As before, we can plot the model graph. This time we adopt the standard color palette for the NHM processes that's already defined in the package.

In [None]:
palette = pywatershed.analysis.utils.colorbrewer.nhm_process_colors(multi_proc_model)
pywatershed.analysis.utils.colorbrewer.jupyter_palette(palette)
try:
    pywatershed.analysis.ModelGraph(
        multi_proc_model, process_colors=palette, hide_variables=False
    ).SVG(verbose=True)
except:
    print("Sorry, this fails for no good reason on Mac ARM architecture")

We run the model just as before

In [None]:
%%time
run_dir_multi_proc = pl.Path(tempfile.mkdtemp())
multi_proc_model.run(netcdf_dir=run_dir_multi_proc, finalize=True)

Let's plot some variables, say soil recharge storage, at the final time of the simulation. 

In [None]:
import process_plot

gis_dir = pynhm_root.parent / f"examples/pynhm_gis/{domain}"
proc_plot = process_plot.ProcessPlot(gis_dir)

proc_name = "PRMSSoilzone"
var_name = "soil_rechr"
proc = multi_proc_model.processes[proc_name]
display(proc_plot.plot_hru_var(var_name, proc))

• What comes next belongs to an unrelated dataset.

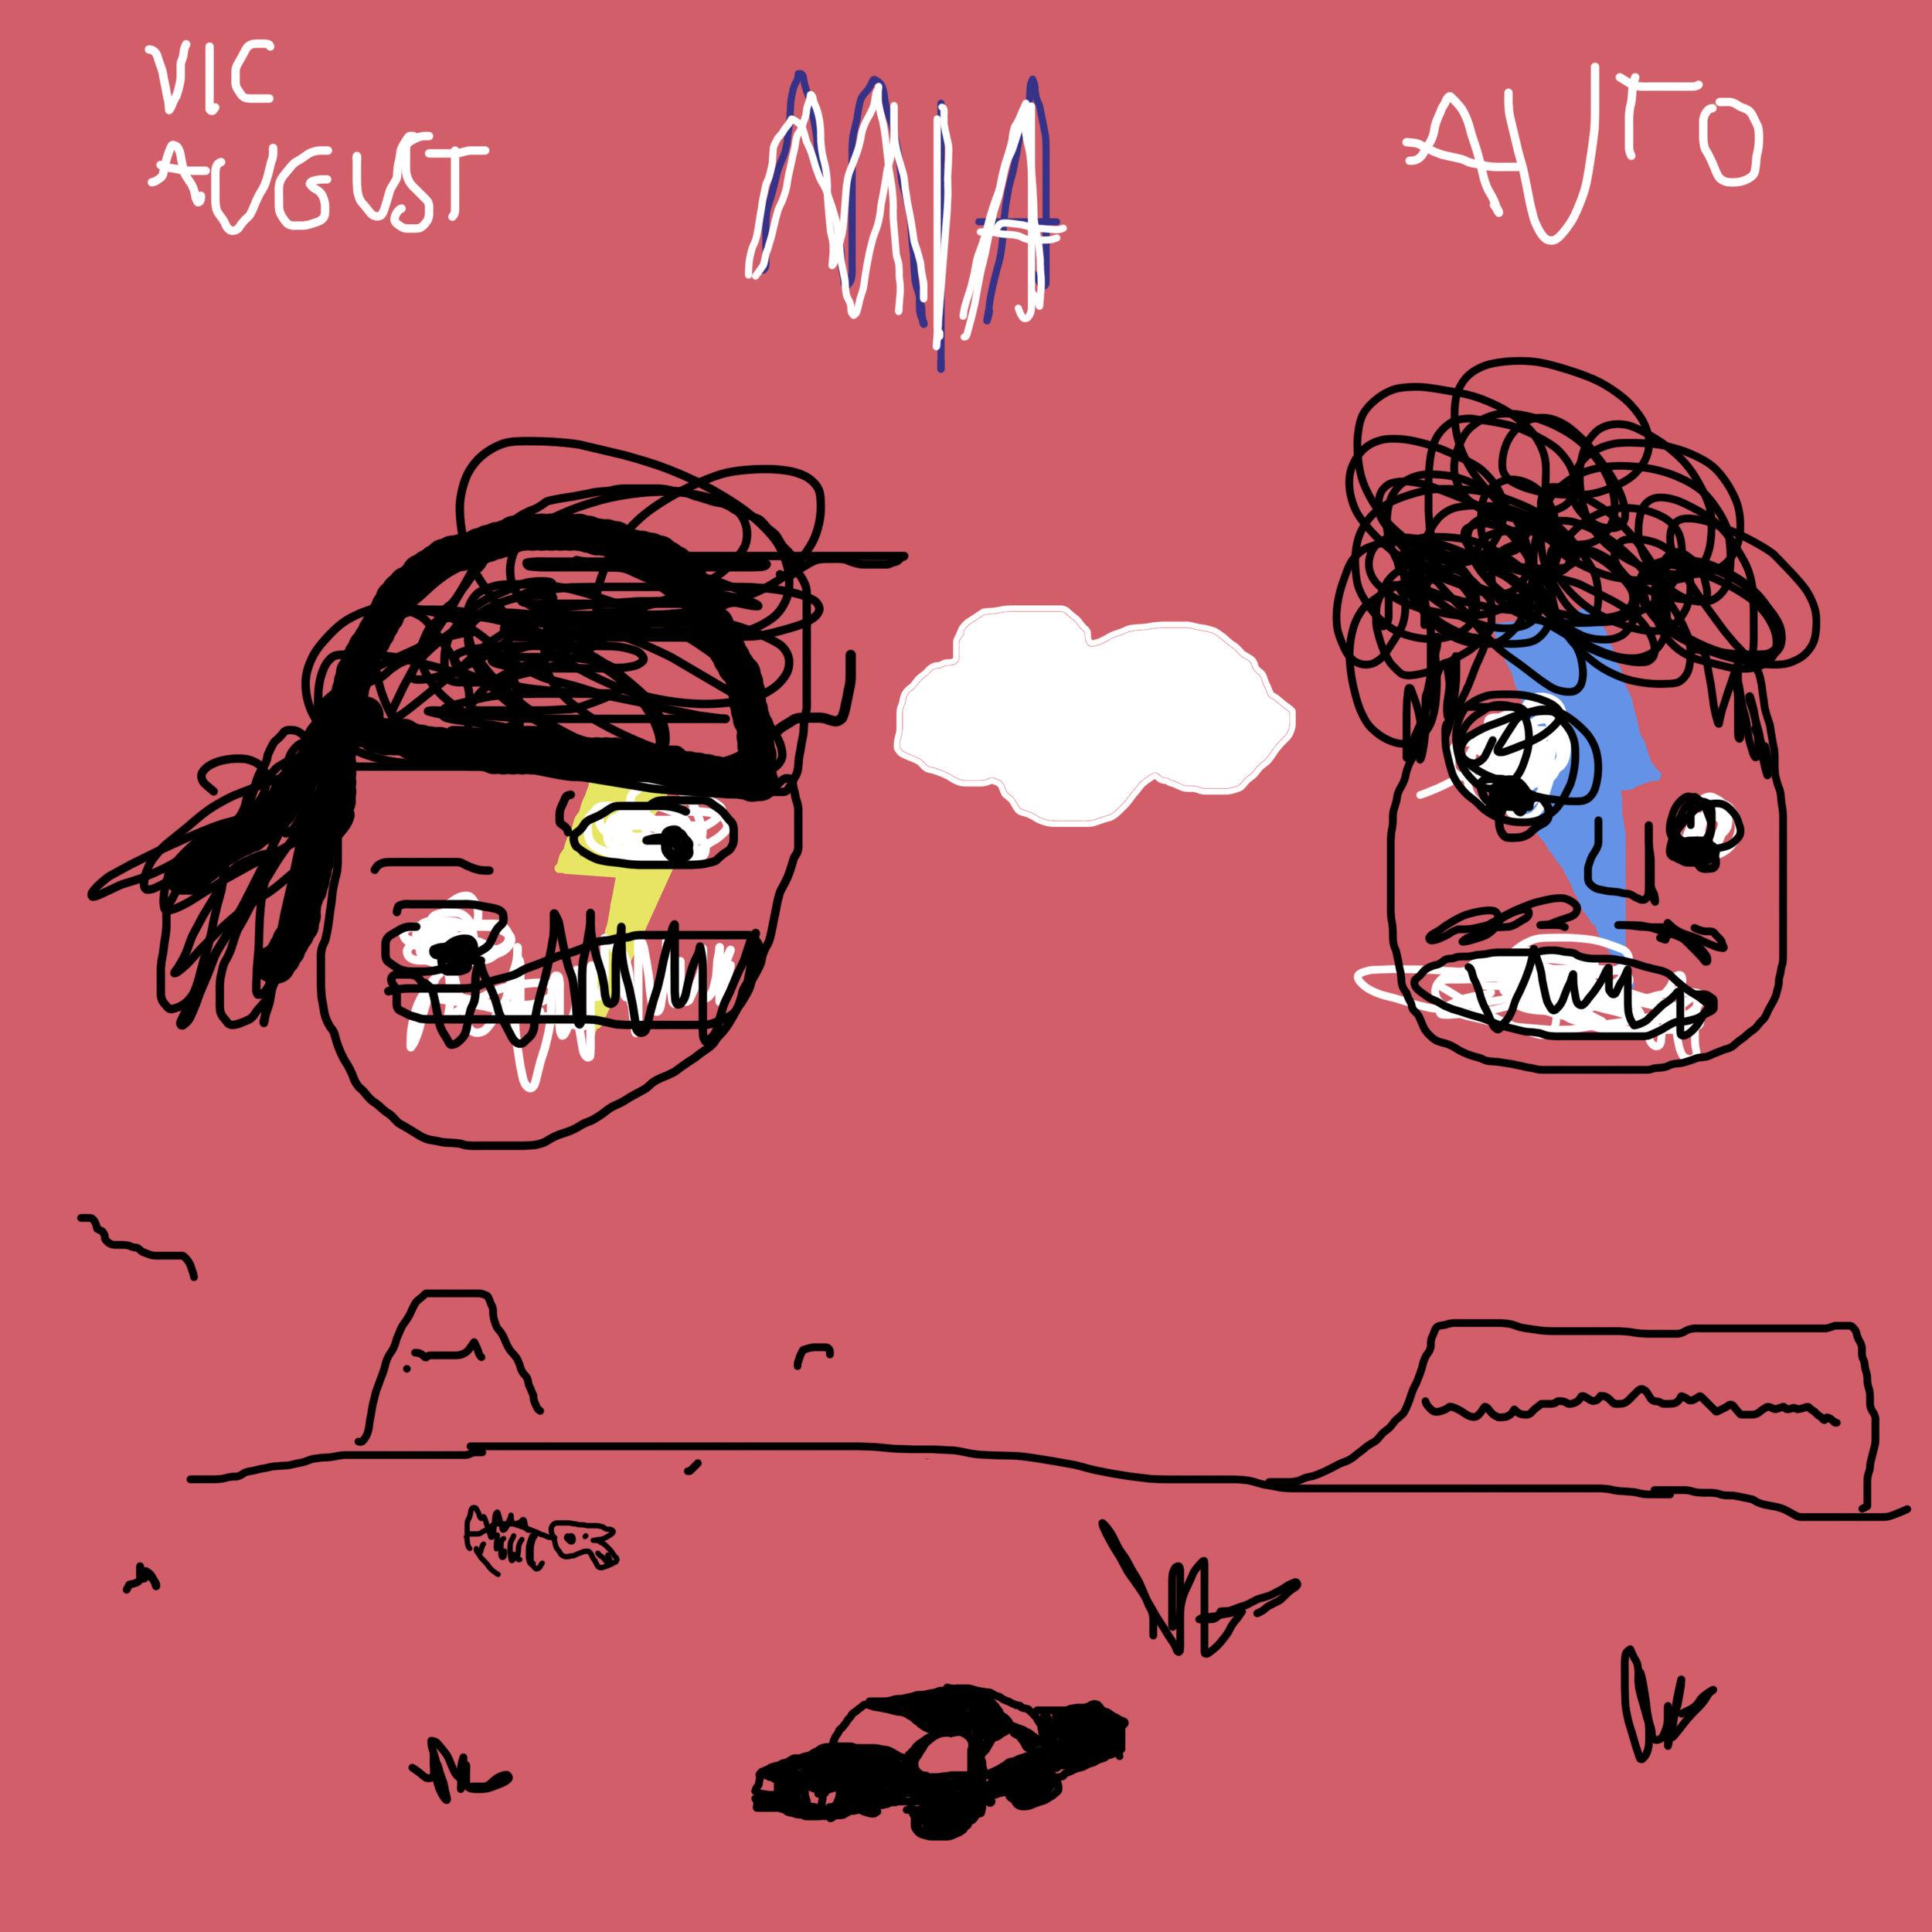 WVS037 - Vic August - MIA featuring Auto - Artwork.jpg

We can also inspect the mass budget at the final time. Processes on HRUs check budgets on individual HRUs (or spatial units) whereas the `PRMSChannel` tracks a global budget, checking if the total water entering and leaving the channel model is consistent with its stoage changes.

In [None]:
pprint(multi_proc_model.processes["PRMSSoilzone"].get_mass_budget_terms())
multi_proc_model.processes["PRMSSoilzone"].budget

In [None]:
pprint(multi_proc_model.processes["PRMSChannel"].get_mass_budget_terms())
multi_proc_model.processes["PRMSChannel"].budget

## NHM Model

In [None]:
control = pywatershed.Control.load(domain_dir / "control.test")
control.config["input_dir"] = domain_dir  # the PRMS/NHM inputs are all in this level

nhm = pywatershed.Model(
    [
        pywatershed.PRMSSolarGeometry,
        pywatershed.PRMSAtmosphere,
        pywatershed.PRMSCanopy,
        pywatershed.PRMSSnow,
        pywatershed.PRMSRunoff,
        pywatershed.PRMSGroundwater,
        pywatershed.PRMSSoilzone,
        pywatershed.PRMSChannel,
    ],
    control=control,
    parameters=params,
)

In [None]:
palette = pywatershed.analysis.utils.colorbrewer.nhm_process_colors(nhm)
pywatershed.analysis.utils.colorbrewer.jupyter_palette(palette)
try:
    pywatershed.analysis.ModelGraph(
        nhm, process_colors=palette, hide_variables=False
    ).SVG(verbose=True)
except:
    print("Sorry, this fails for no good reason on Mac ARM architecture")